Закатив глаза и опустив веки, она отрицательно покачала головою.
— То, что я был женат?
Она молча кивнула головою и вдруг, засмеявшись, с любопытством обернулась на него.
— Но вы не будете сердиться на меня за эту откровенность?
Иван Андреевич молчал.
— Я бы так хотела никогда не думать об этом, — сказала она, сделав невинное лицо маленькой обиженной девочки (и эту гримаску он хорошо знал), — но разве же я виновата?
Она выпрямилась на стуле и устремила на него серьезный, просящий взгляд.
Но Ивану Андреевичу не нравилась эта игра. Ему хотелось полной искренности, чего бы это ни стоило, и, пугаясь сам собственных слов, он сказал:
— Тогда расстанемся…
И, произнесши эти слова, он неожиданно почувствовал облегчение. В сущности, что его приковывало к этой заносчивой, капризной девушке?
Он постарался представить себе все ее недостатки: она эгоистична, холодна, расчетлива, у нее немного плоский затылок, в бедрах она, пожалуй, слишком тонка и носит на платьях косую высокую оборку с бахромою, что бывает только у перезрелых девиц.
Лида отрицательно покачала головою. Помолчав, она протянула ему руку.
— Вот вам рука, а сердце… Сердца у меня сейчас нет… Я его не чувствую с тех самых пор, как узнала, что вы женаты…
Она закрыла лицо руками и заплакала.
— Знаете, это было большое несчастье для меня и для вас, что мы познакомились. Или же нам было лучше никогда больше не встречаться друг с другом. Я все равно никогда не забуду, что вы были женаты… и у вас был и есть ребенок… Боже! — от другой. Разве это можно когда-нибудь забыть?
Она враждебно усмехнулась сквозь слезы, неприятно обнажая почти до десен зубы.
— Не уходите.
Он хотел встать. Она удержала его рукой.
— Сидите молча… так, ничего не говорите и не думайте. Это сейчас пройдет. Все равно, я разлюбить вас не могу. И потом я знаю, что вы опять уйдете к той… первой. А я этого не хочу… Пусть уж лучше скорее свадьба. Все равно, один конец.

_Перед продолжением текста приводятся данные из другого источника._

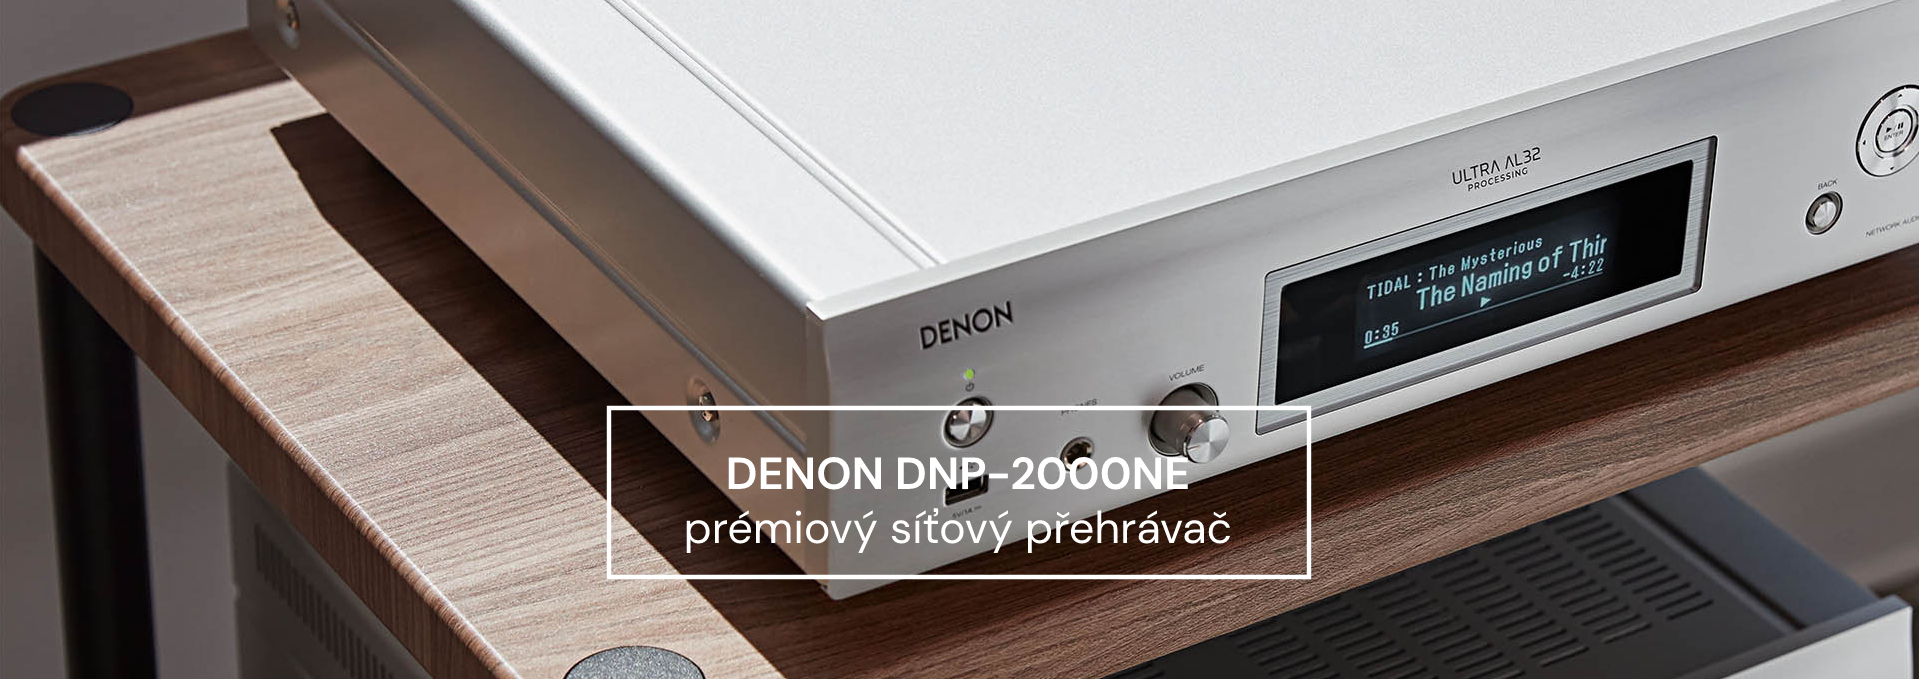 Denon DNP-2000NE

Она насухо вытерла глаза и старательно улыбнулась.
— Не говорите… нет… еще ничего не говорите… или нет, скажите только: сколько лет вашему ребенку?
— Три с половиной года, — сказал он с неловкостью и усилием.
Она чуть-чуть отодвинула от него свой стул.
— Нет, знаете: давайте лучше сделаем так, что у нас все кончено. Не сердитесь. И к чему сердиться? Ведь вы, конечно, не виноваты ни в чем, но не виновата и я. Правда, вы из-за меня расстались с женой, но вы сойдетесь опять… Ведь да?
Она уронила шитье на пол, но не подняла его. Ее взгляд смотрел в одну точку.
— Сделайте надо мной что-нибудь, — вдруг сказала она жалобно.
В этом было так много детски-беспомощного, что Иван Андреевич вдруг почувствовал к ней одну бесконечную жалость и нежность. В самом деле, за что он пришел ее сегодня мучить?